▸ **ACTIVITY**
Starting at the line that contains "ABSAnti-Lock Brake System", restate each line word for word through the final line of the data, keeping both ends.

▸ **INFORMATION PROVIDED**
==*==

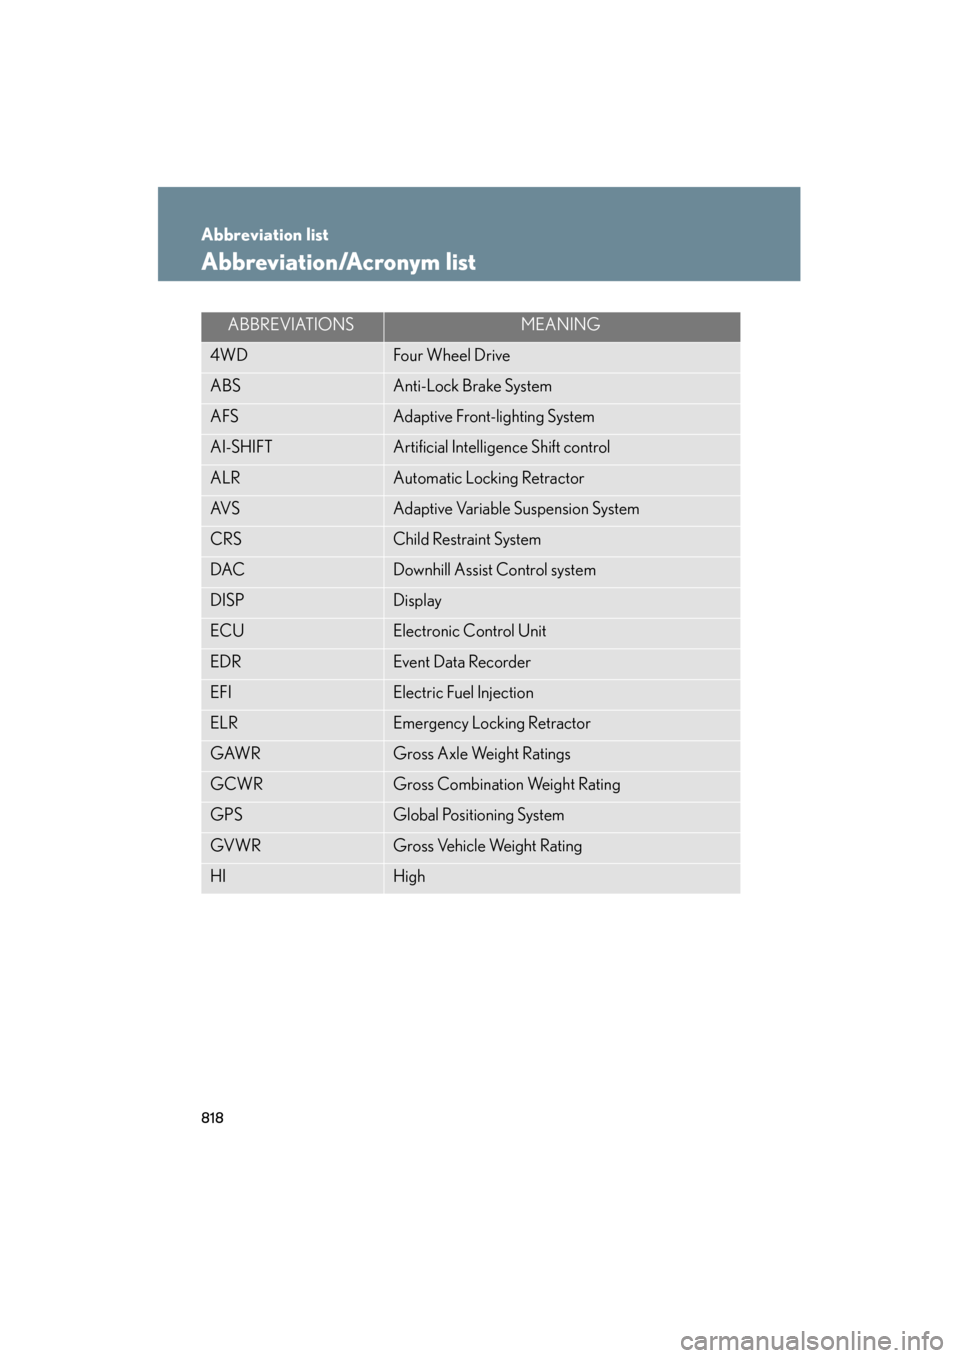 Lexus GX460 2012 User Guide 818
GX460_U.S.A. (OM60J00U)
Abbreviation list
Abbreviation/Acronym list
ABBREVIATIONSMEANING
4WDFour Wheel Drive
ABSAnti-Lock Brake System
AFSAdaptive Front-lighting System
AI-SHIFTArtificial Intellig

==*==

▸ **ANSWER TO THIS PROBLEM**
ABSAnti-Lock Brake System
AFSAdaptive Front-lighting System
AI-SHIFTArtificial Intellig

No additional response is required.